L'histoire de Salle des profs suit principalement Clément (Jean-Luc Couchard), un directeur d'école dépassé, Jurdieu (Renaud Rutten), un prof faisant ce qu'il peut, Samia (Mélissa Diarra), une rebelle, Simon (Baptiste Lalieu), le "sympa" par excellence, et Vanille (Marie Kremer), une artiste barrée. Outre ce quintette, les épisodes feront défiler de nombreux acteurs et actrices aux profils bien différents : de Bernard Yerlès (s'auto parodiant dans un rôle de policier) à Léone François (en conseillère pédagogique), en passant par Stéphanie Van Vyve (en maman d'élève), Vincent Lecuyer (en stagiaire), Koen Van Impe (le "Flamand" de service), François Neycken (en réparateur de machines à café) ou Guy Lecluyse, (le ..."Français" de service). "On est ravi de ce casting", indique Wathour. "Et les acteurs récurrents connaissent autant - si pas plus - que nous leurs personnages ! Donc, ce qu'ils proposent est toujours juste."

L'hommage au métier d'enseignant.e

Mais derrière l'aspect burlesque assumé d'un projet qui se verra faire rouler une photocopieuse ou passer un... poney, les auteurs tiennent à rendre hommage à une corporation. Bourdon dit ainsi : "Je pense qu'on exprime des choses. Car avec un personnage de maman d'élève insupportable, qui pense que l'école doit s'adapter à elle et pas l'inverse, ou un autre abordant le pacte d'excellence, on fait quand même passer un message. On rit avec eux, mais jamais d'eux, pas mal étant en ce moment en souffrance. Ce sont des gens intelligents et sensibles. On met en valeur la fonction de prof." Quant à Wathour, lui-même enseignant donc : "Dans cette société, je sens un déchargement de pas mal de gens sur ce métier, accablé et pointé du doigt. Or, ce sont des êtres humains comme tout le monde. Mais bon, on envisage bien de rire ici, il n'y a pas d'épisodes émotifs". "Ah, si!", le rectifie alors Bourdon, "Il y a quand même un peu d'émotion. On voit qu'ils s'aiment...". "Oui", lui répond Wathour, "Mais rien de dramatique ni de moralisateur. Et on est très Belges aussi dans le ton, vu qu'on parle de commande de frites, de visite du Roi, etc. Il y a tout un décorum bien de chez nous."

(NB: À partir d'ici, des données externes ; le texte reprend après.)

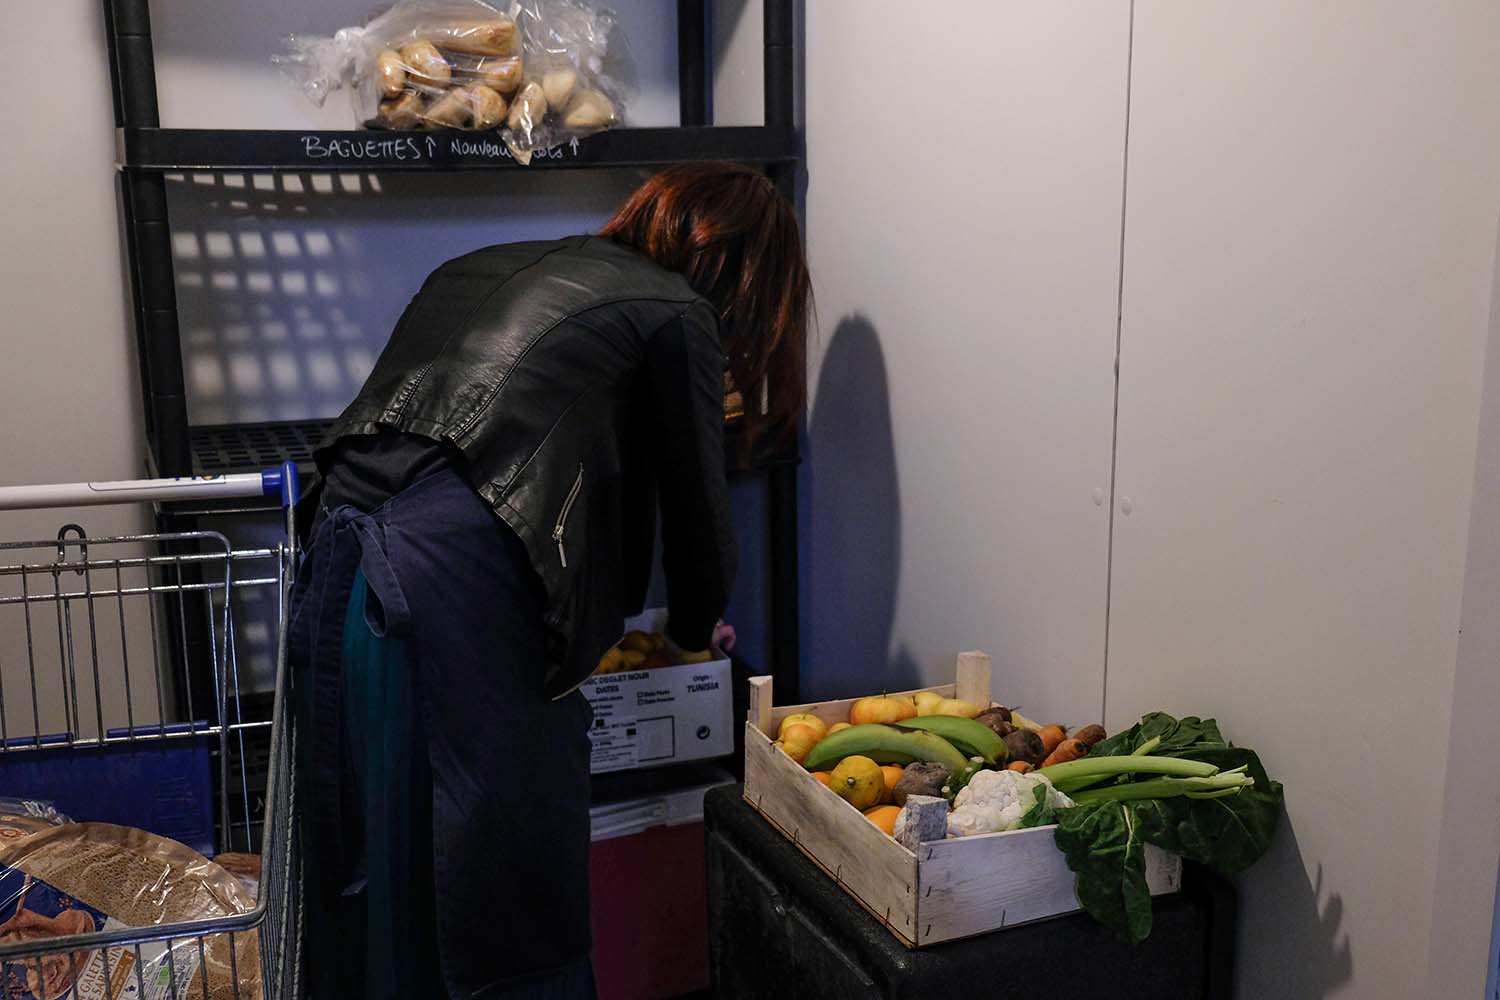 Laurie sort un premier panier composé exclusivement de fruits et légumes © Globe Reporters

Si tous deux ont déjà signé des courts-métrages de comédie (Fantasies and Manuals pour Wathour en 2010, Le Zombie au vélo en 2015 pour Bourdon) et que le premier envisage d'autres réalisations, le deuxième a aussi tâté de la caméra pour d'autres petits films, notamment dans le cadre des Magritte et des Molière. Tandis que, toujours pour Bourdon, un projet de court et l'écriture d'un long-métrage viennent tout juste de lui être accordés par la Commission du Centre du Cinéma. Affaires à suivre, donc...

Une (large) visibilité déjà garantie

Mis en boîte sur un peu plus d'un mois dans un studio de Woluwé-Saint-Lambert, la cinquantaine d'épisodes de Salle des Profs sera donc visible dès la rentrée, du lundi au vendredi, en amont du Journal de la RTBF. Soit à un horaire où l'audience approche parfois le demi-million de spectateur.ice.s, rien qu'en télé. "On a beaucoup de chance d'avoir cet horaire-là", confirme Bourdon. "Car on est déjà sûrs que beaucoup de gens le verront. Bon, on a conscience que l'humour peut être clivant, mais on reste avant tout dans un programme familial, pouvant réunir enfants et parents. Et avec pas mal de gags visuels, un peu façon Claude Zidi, dont je suis fan."

Wathour renchérit : "On est tous les deux fans de comédies, avec une production qui nous a laissé le champ libre, voire même nous a poussé à faire pire, le producteur se retrouvant lui-même dans une canette géante dans un épisode, par exemple."

Ayant repris tout son sérieux lors de son entretien, Honoré conclut en ces mots : "Le bilan du tournage est vraiment très positif. Ce n'était pas l'usine, ce à quoi on tenait. L'équipe était heureuse d'être là, l'ambiance était bonne, des verres étaient souvent organisés en fin de journée et on a même pris de l'avance au montage. Ce qui pourrait nous arranger si par bonheur, il y avait une saison 2. En tout cas, de mon point de vue de Français, bien que Lillois, donc proche de la façon de vivre et de partager la philosophie et la drôlerie de chez vous, ce sera un projet belge très identifiable, proche de formats célèbres en France, comme Un gars une Fille, Nos Chers Voisins ou Caméra Café. On a envie de démontrer qu'avec les comédiens et les talents qu'il y a dans ce pays, on peut faire de bons programmes courts comme en fait, partout ailleurs ! Tout en faisant transpirer cette belgitude dans l'humour, l'image et le jeu."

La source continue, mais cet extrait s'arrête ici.